Was this review helpful? Yes  No

2 out of 2 people found the following review helpful:

Nickname:
Joeman
Location:
Pittsburgh, PA, United States
Date:
November 4, 2017
          3.0
 
How to use this squash
Easy to Grow 5.0
EarlyMaturity 3.5
 

What are the pros? Easy to grow

What are the cons? Tastes different from zucchini

Review:

3 ways to use: After blossom falls off but squash is still green and tender (12 inches or so), great breaded and fried either whole, or simply cut in half. Also delicious sauteed lightly, then mixed with baby eggplant and cooked in tomato sauce. When about 2 or 3 feet, but still green, quarter and grill the neck. The neck is ideal for processing into zucchini soup, bread, cake, etc. No need to peel or seed as skin is soft and the neck is seedless. Once the squash turns pale yellow and is about 2 inches thick at the neck, leave it go on the plant. When the skin turns tan in late summer or fall, cut the squash off the vine, being careful not to bruise the skin or bend the neck. After curing in the sun or in a dry, warm location indoors, for a few weeks, the squash should have creamy, orange flesh, perfect for making gnocchi or butternut squash soup.

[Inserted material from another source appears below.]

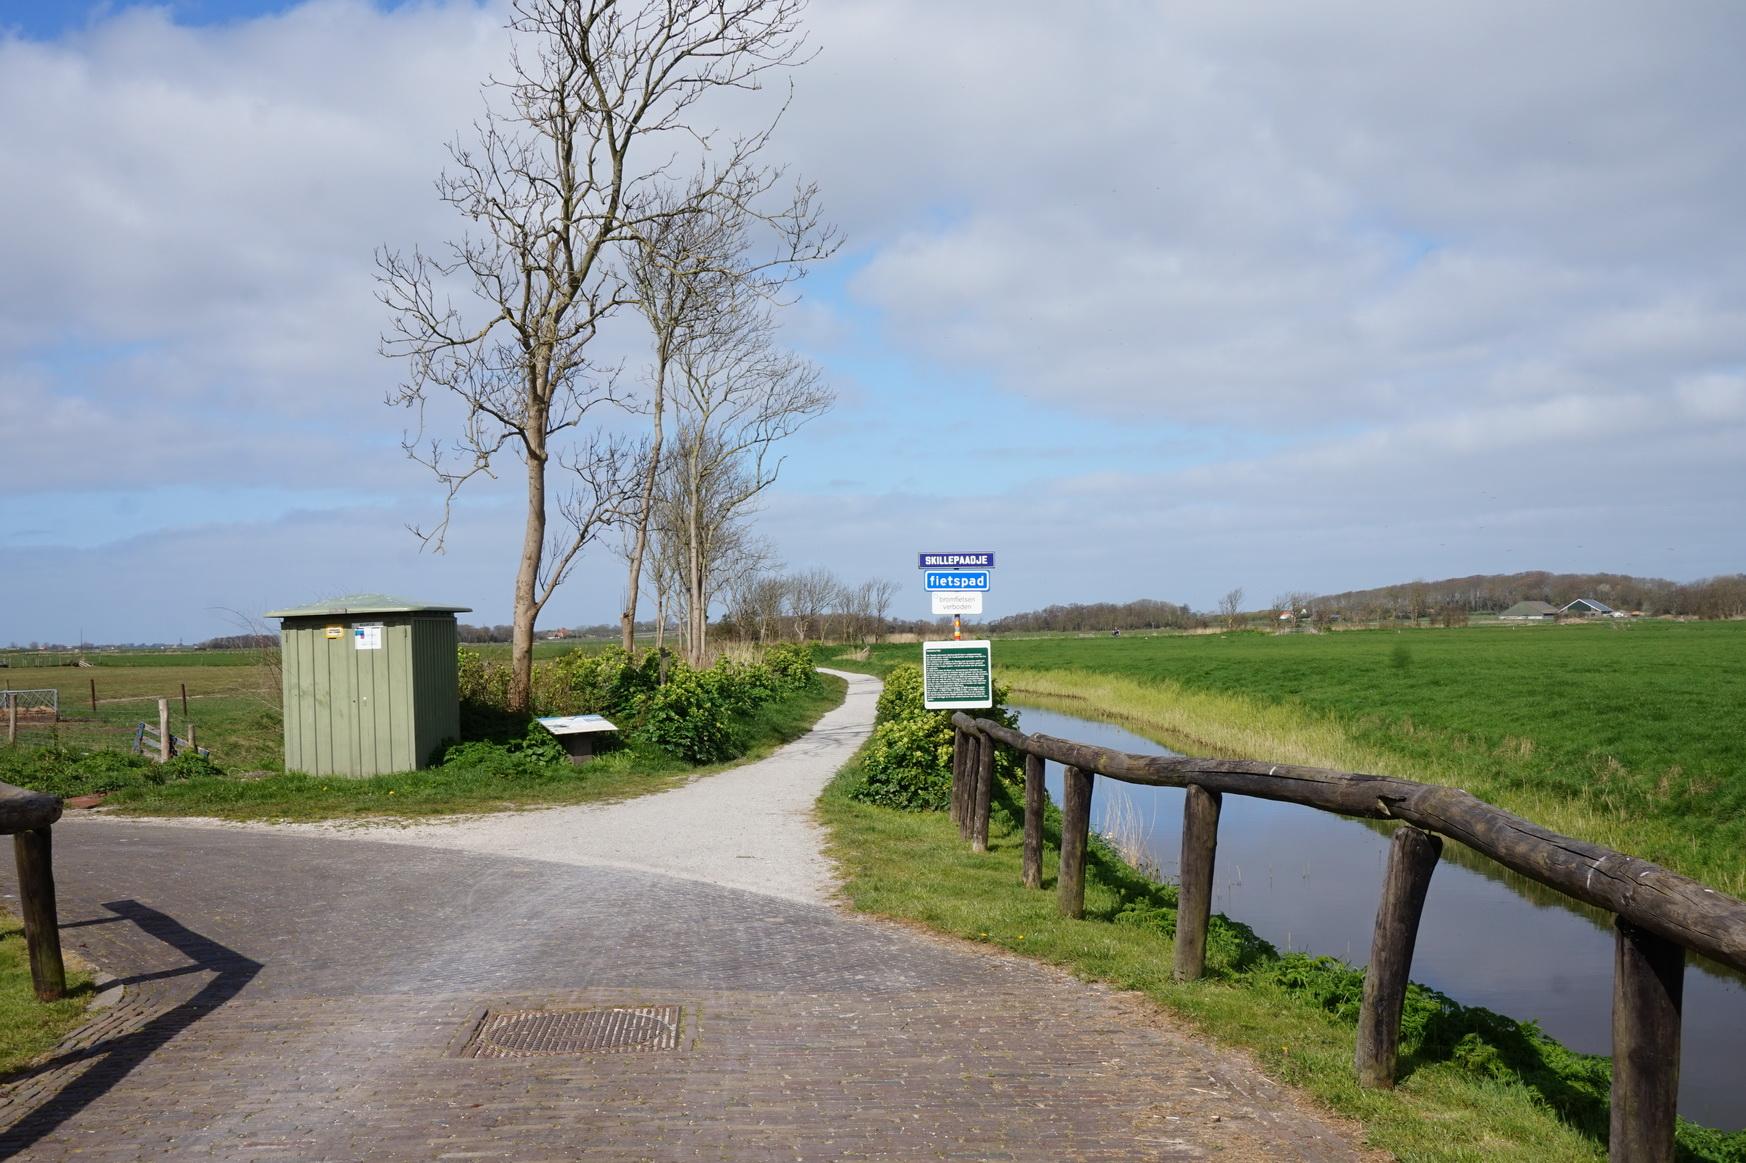 Texel - Wanderung VOC-Route 3
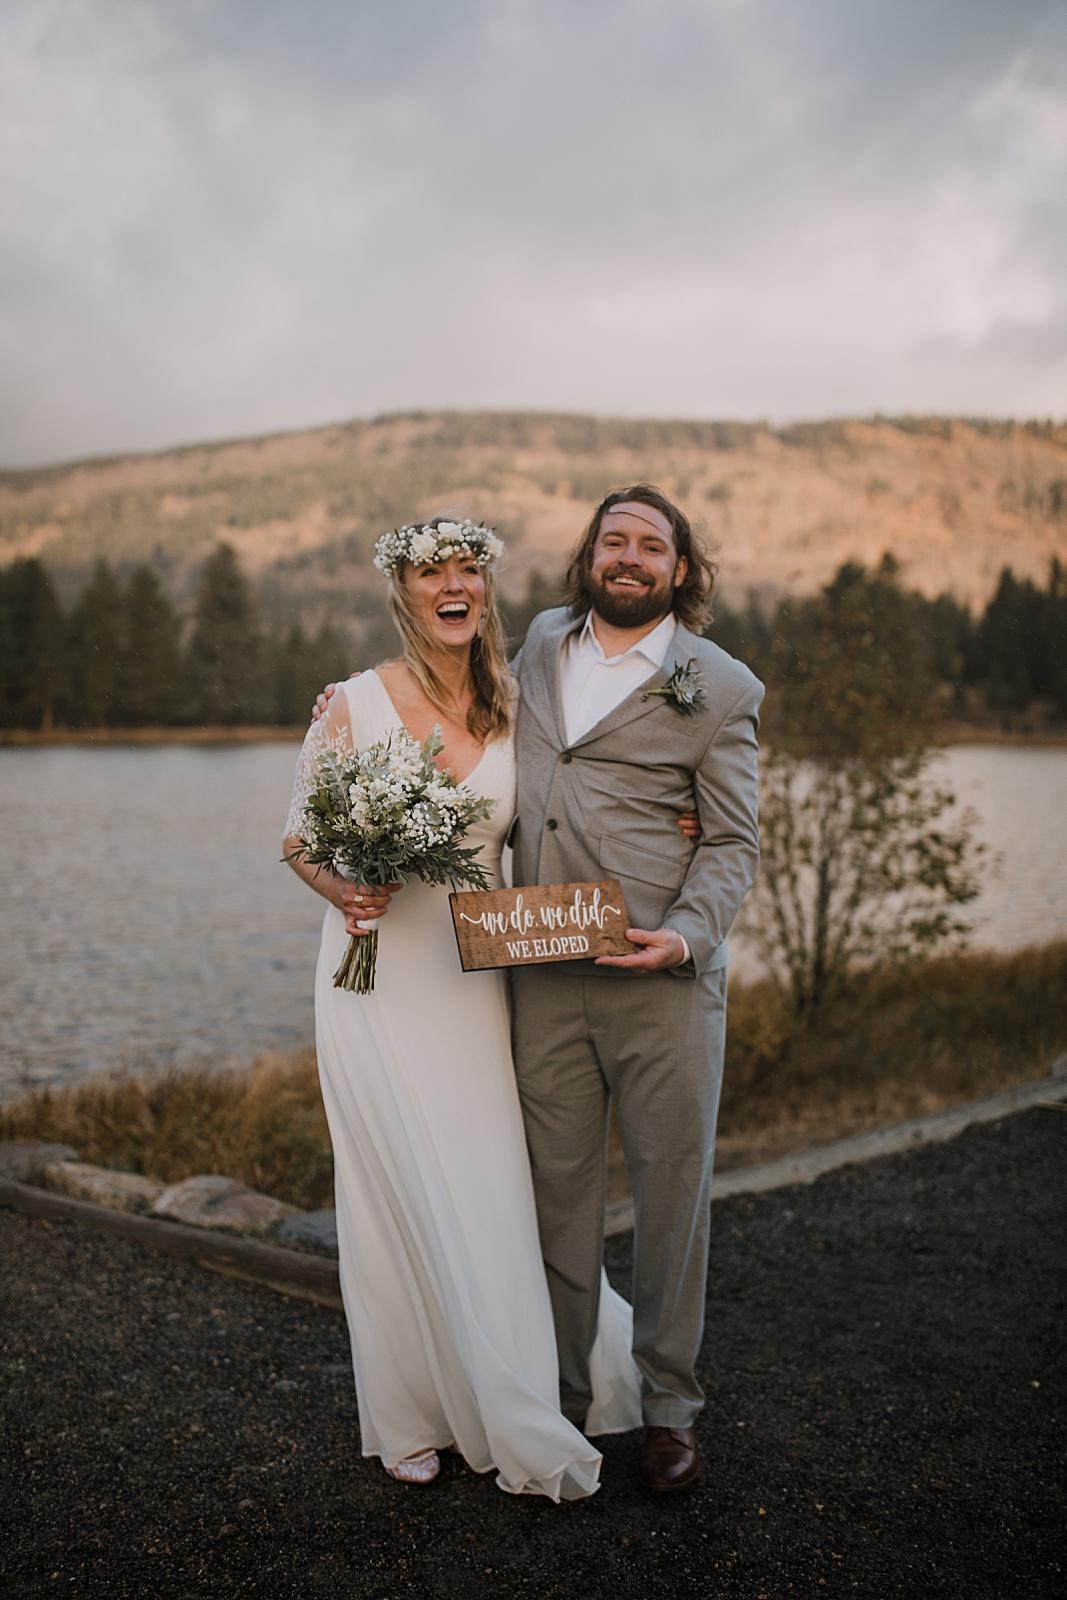 we eloped, sprague lake dock elopement, sunrise elopement, colorado elopement, sprague lake elopement, rocky mountain national park elopement, adventurous colorado hiking elopement

Would you recommend this product to a friend? Yes

Was this review helpful? Yes  No

2 out of 2 people found the following review helpful:

Nickname:
Joeman
Location:
Pittsburgh, PA, United States
Date:
October 30, 2017
          3.0
 
Good but different.
Easy to Grow 5.0
EarlyMaturity 4.0
 

What are the pros? Easy, sweet and juicy

What are the cons? different taste from zucchini

Review:

I have always had trouble growing zucchini due to bugs. This variety has excellent resistance to vine borers and mildew, but only moderate resistance to cucumber beetles. I personally love it fried or grilled, but my parents still prefer the softer texture of Cocozelle (common dark-green zucchini). Taste is subjective. People who like firm, sweet squash loved it, but people who are used to mushy stir-fried zucchini were disappointed. The best thing about this variety is that you get a long harvest period from just one or two plants, and you don't have to protect the plants from vine borers, so you can let them climb in neglected garden spaces.